The blended models achieved scores in the **same range as the top performers** from the 2016 IDA Industrial Challenge, despite using a fully self-constructed pipeline without access to their internal techniques. The best-performing blend (`0.5 / 0.5 @ thr=0.080`) reached a **score of 11240**, just **320 points** behind the second-place solution from the original competition.

Interestingly, this blend had **fewer false positives** but **slightly more false negatives** than some of the historical entries — a direct trade-off shaped by the custom cost function prioritizing FN heavily.

This result validates the effectiveness of:
- Incorporating **unsupervised outlier features** (`outlier_score`, `is_outlier`);
- Using **ensemble methods with cost-weighted training**;
- Applying **simple blending strategies** to capture complementary model behavior.

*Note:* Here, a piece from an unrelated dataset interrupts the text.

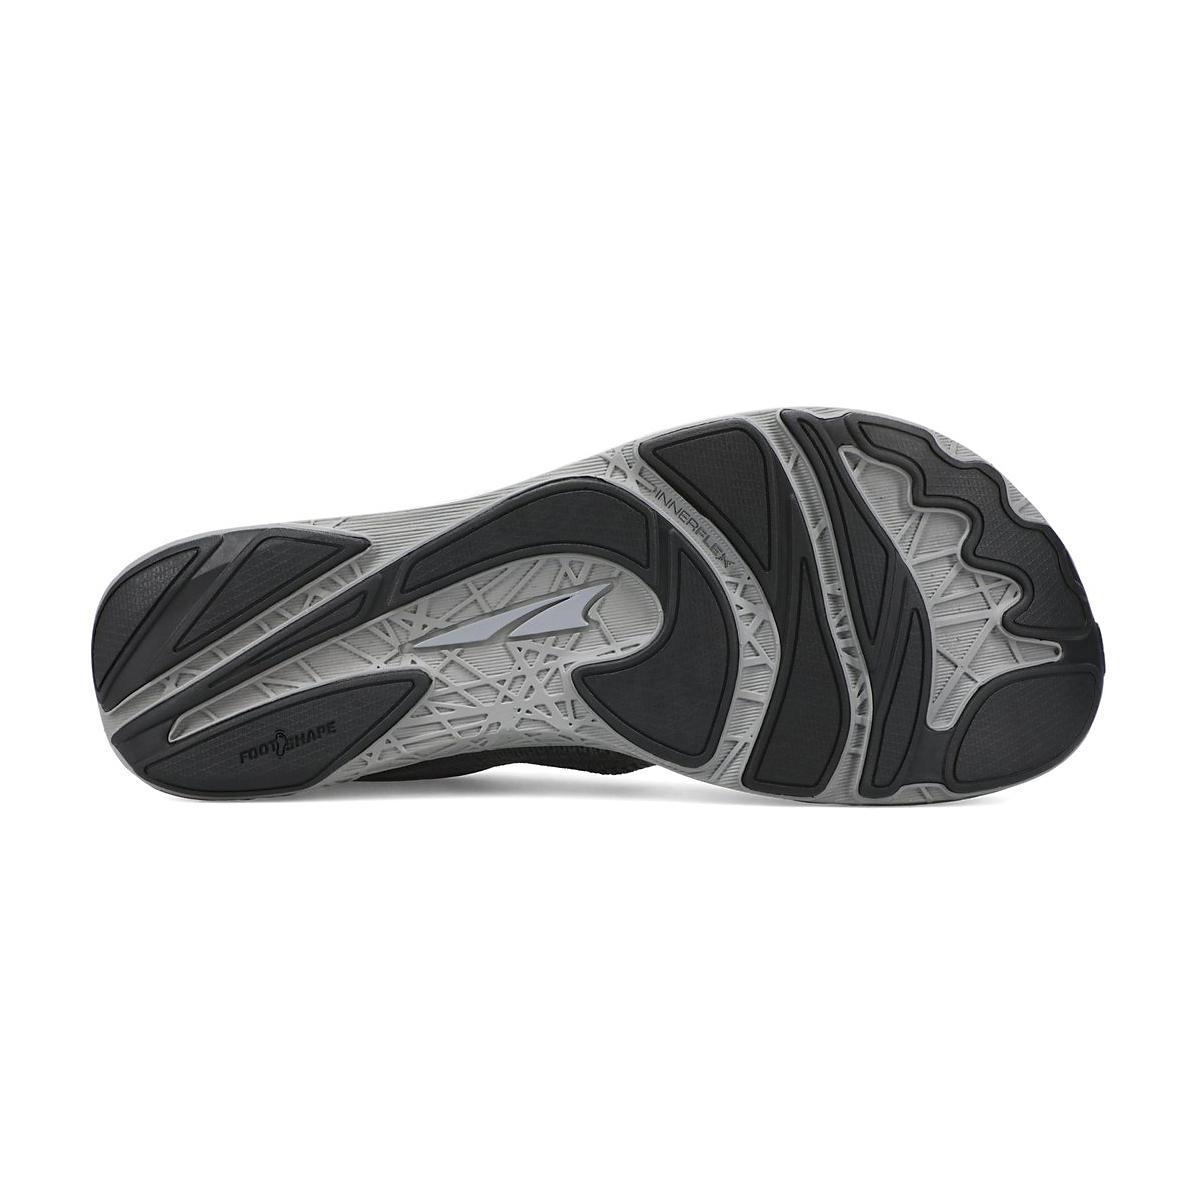 Men's Altra Escalante 2.5 Running Shoe - Color: Gray - Size: 7 - Width: Regular, Gray, large, image 4

The outcome demonstrates that **a well-engineered, interpretable approach** can be highly competitive with past state-of-the-art results, and serves as a strong baseline for further improvements.


In [17]:
import joblib

# ─────────────────────────────────────
# 11. Save models and metadata
# ─────────────────────────────────────

joblib.dump(pipe_rf, "model_random_forest.pkl")
joblib.dump(pipe_et, "model_extra_trees.pkl")

blend_info = {
    "blend_0.5_0.5": {"alpha": 0.5, "threshold": 0.080},
    "blend_0.9_0.1": {"alpha": 0.9, "threshold": 0.085}
}
joblib.dump(blend_info, "blend_config.pkl")

print("\n✅ Models and blend configurations saved successfully!")



✅ Models and blend configurations saved successfully!